Miguel Angel Sola and Angela Molina in ‘The Last Suit.’

BY CATE MARQUIS, SPECIAL TO THE JEWISH LIGHT

Abraham Bursztein (Miguel Ángel Solá) is clearly feeling bossed around by his children in the Buenos Aires home he’s lived in for 50 years. The Polish-born retired tailor is miffed when his favorite great-granddaughter, Micaela (Pilar Alegre Alonso) refuses to join in for a family photo. But his family, busily packing boxes, refuses to help persuade her. 

Gruffly, he barges out to the house’s courtyard and tries bluffing the stubborn girl, threatening to throw her out of his house if she doesn’t comply. 

“But it isn’t even your house any more, Zayde,” she counters. 

It’s true. Abraham’s family has decided, for his own good, that it is time for Zayde to move to a retirement home. They have picked one out, sold his house and now they are dividing up his possessions. What’s more, doctors want to amputate his bad right leg, which will put Abraham in a wheelchair. 

The old tailor is no longer in charge of his own life, or so it seems. When his longtime maid Paulina (Norma Argentina) finds a suit hanging in a garment bag at the back of a closet, Abraham gets an idea. He sends everyone away so he can be alone in his home for a last night. By morning, he has vanished, taking the suit with him, with plans to deliver it to the person who paid for it, in Poland, in 1945.

“The Last Suit” is a film that charms and amuses and then reaches into our hearts. It starts out like a delightful road picture, in which Abraham sets off on an adventure to the past. The journey takes him across the Atlantic to Spain, France, Germany and finally Poland, where Abraham’s goal is to find the childhood friend who saved his life and to whom he promised a suit. 

Starting on a rather comic note, the film gradually transforms into a moving tale of memory and human connections, as Abraham overcomes a series of mishaps and his own emotional obstacles, a transformation made seamless by a fine cast and strong direction.

Solá shines as Abraham, a nattily dressed and delightfully charming old rascal. The wily tailor is resourceful, but things sometimes go awry. In his travels, he encounters several people who help him along the way: a young musician, a jaded Spanish woman who runs a hotel, a  German traveler, a Polish nurse.
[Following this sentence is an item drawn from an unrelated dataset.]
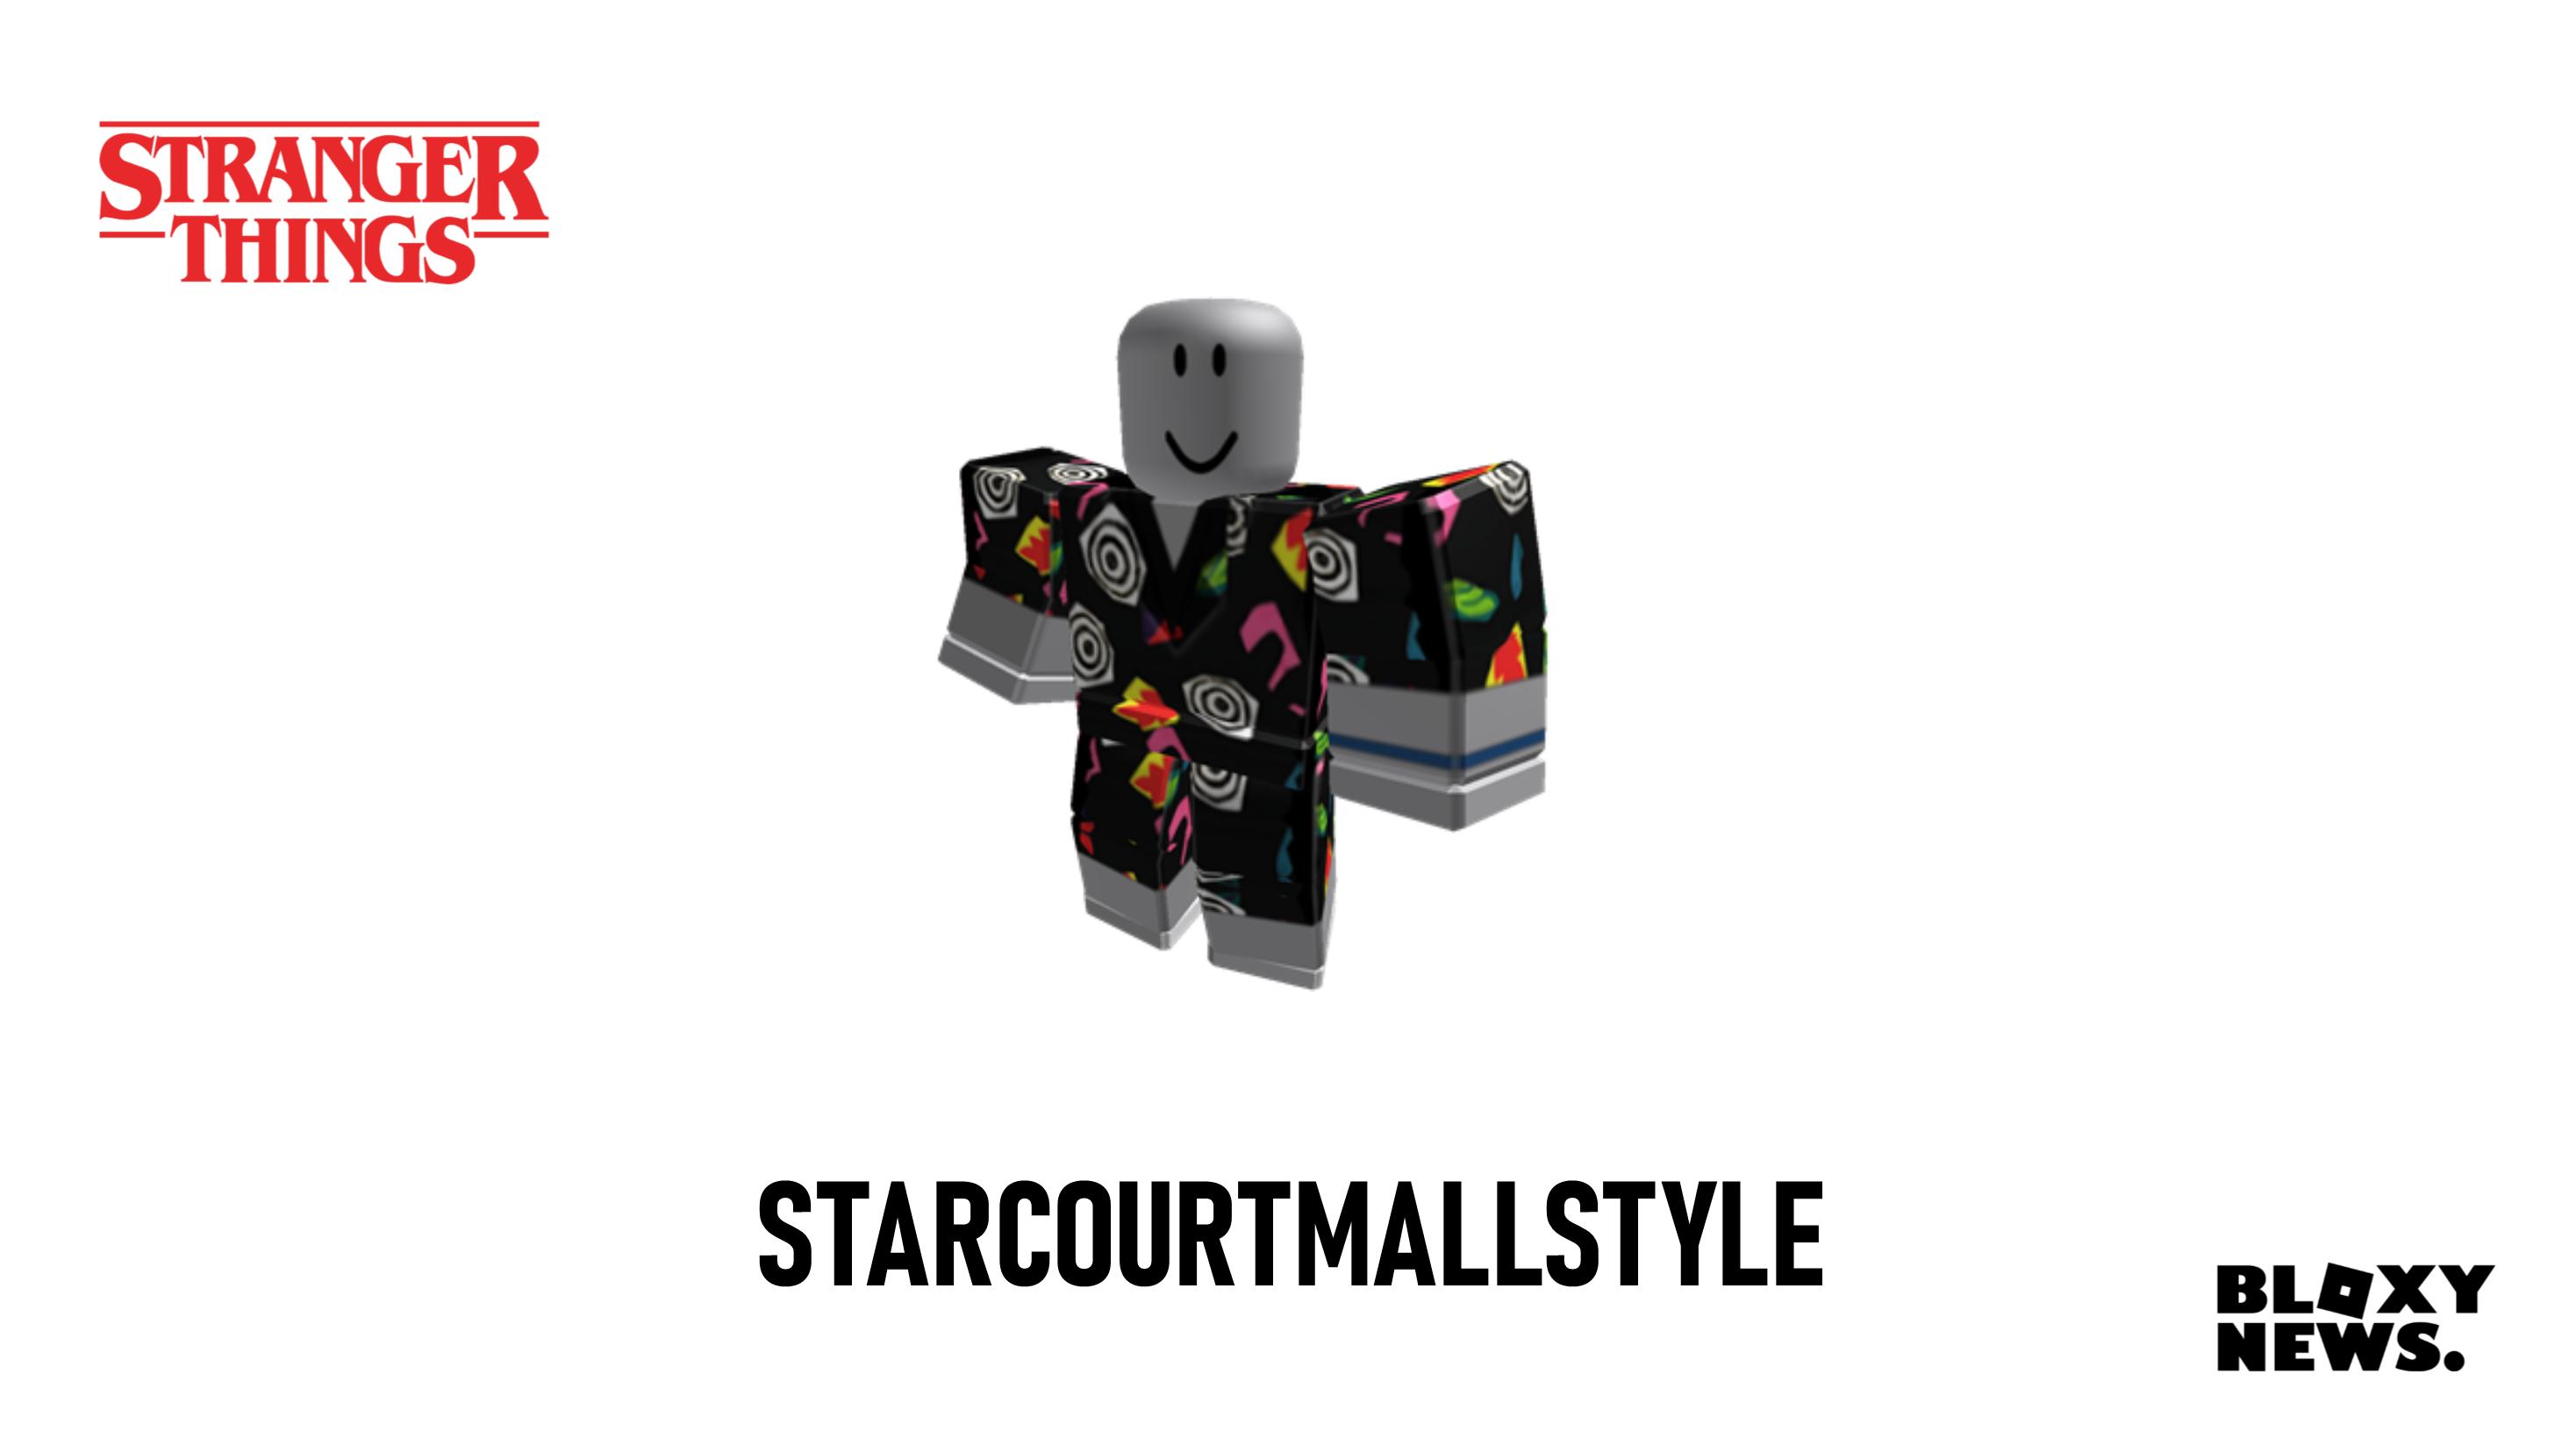 News on Twitter: "#BloxyNews | It's day #2 of the #Roblox Event the second Promocode has been Head to https://t.co/7qVdjgeJBm and enter the code 'STARCOURTMALLSTYLE' to receive Eleven's

The film score features klezmer music, particularly delightful in an opening scene at a lively party in the past. The party scene turns out to be a childhood memory, and as Abraham travels across Europe, other memories return, ones less glowing than the party. The plot draws on elements from classic literature, even Shakespeare, but ultimately it rests on human connections. The power of human kindness becomes a running theme, one that follows Abraham to the film’s satisfying and touching ending.